Менее чем за двадцать часов Сандос из военной зоны Африканского Рога перебрался в городок университета Джона Кэролла, расположенный в безмятежном месте, по соседству со старыми ухоженными домами, где дети кричали и бегали, беззаботно играя, — смеющиеся и здоровые, не знавшие ни горя, ни отчаяния, ни голода, ни страха. Он сам удивился, насколько поразили его эти дети. Сады тоже его удивили, причем сразу многим: почвой, черной, как кофейная гуща, роскошной сумятицей летнего цветения садов и декоративных растений, расточительным потреблением дождей и плодородием…

Эмилио не отказался бы от нескольких дней отпуска, но все уже было оговорено. На второй день после своего возвращения он должен был встретиться с Софией Мендес в ресторане городка, где подавали турецкий кофе — заправляться которым, как он позже узнал, требовалось ей постоянно. На следующее утро Эмилио пришел в кафе пораньше и сел в глубине зала, откуда мог видеть дверь, молча вслушиваясь в россыпи смеха вокруг, в остроумные, бессодержательные разговоры и заново привыкая к английскому языку. Даже если бы предыдущие три года он не провел в глуши, а до этого более десяти лет не готовил себя к стезе священника, он чувствовал бы себя чужаком среди этих студентов: молодых людей в ярко окрашенных, замысловато плиссированных пиджаках, которые зрительно расширяли плечи и сужали бедра, юных женщин, прелестных, с осиными талиями, в бледных мерцающих тканях, окрашенных в цвета пиона и шербета. Он был очарован их ухоженностью и вниманием к деталям — уложенные волосы, изящная обувь, безупречная косметика. А думал о маленьких могилах в Судане и подавлял раздражение, зная, что это из-за усталости.

Через этот сад притворных восторгов в его суровое настроение целеустремленно вошла София Мендес. Заметив ее и отчего-то зная, что это и есть женщина, которую он ждет, Эмилио вспомнил слова мадридской учительницы танцев, описывавшей, какой ей видится идеальная испанская танцовщица: «Голова вскинута, осанка королевы.

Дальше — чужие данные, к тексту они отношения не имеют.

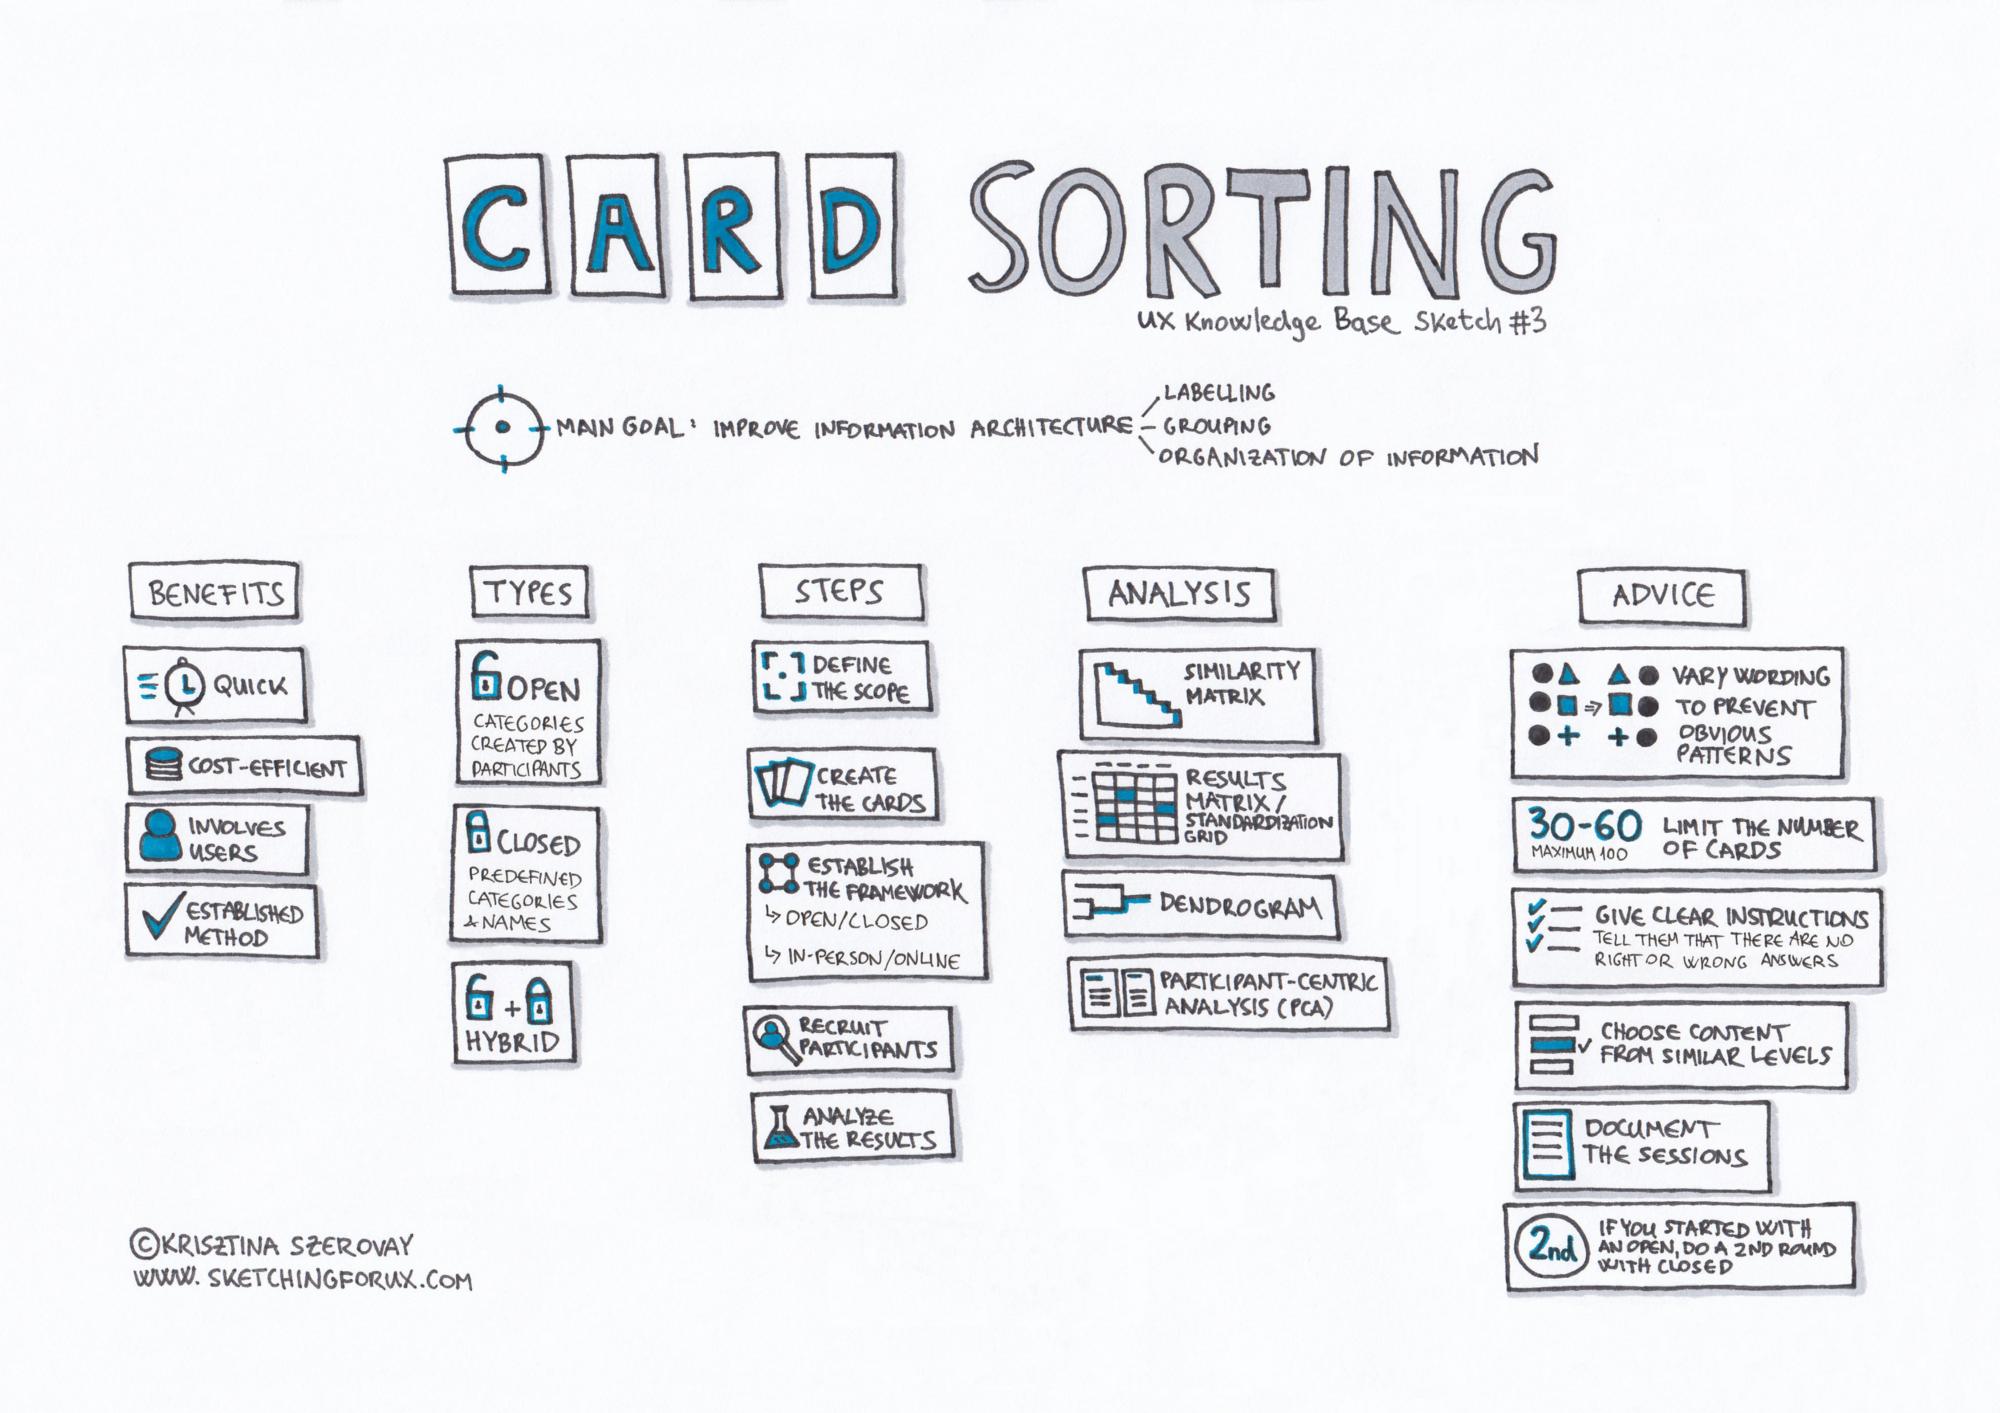 card sorting illustration

Талия высокая, спину держит, несет себя над бедрами, руки suavamente articuladas. Груди, — сказала она с курьезной уместностью, насмешившей его, — словно рога быка, но suave, не rigido». Мендес несла себя так здорово, что, когда Сандос встал, он с удивлением обнаружил, что София едва ли выше пяти футов. Ее черные волосы были в традиционной манере стянуты на затылке, открывая строгое лицо, а оделась она просто: в красную шелковую блузку и черную юбку. Контраст со студентами, окружавшими их, был разителен.

Вскинув брови, Мендес протянула руку, коротко сжав его кисть, затем оглянулась на толпу, сквозь которую только что прошла.

— Хорошенькие, точно букет свежесрезанных цветов, — заметила она холодно и метко.

Тотчас энергия парней и миловидность девушек показались ему преходящими. Теперь Эмилио смог увидеть, кто из них сильно изменится с возрастом, а кто вскоре располнеет и откажется от своих причуд и мечтаний о славе. И он был поражен, сколь точно эта картинка подходила под его настроение, и удручен как собственной суровостью, так и ее.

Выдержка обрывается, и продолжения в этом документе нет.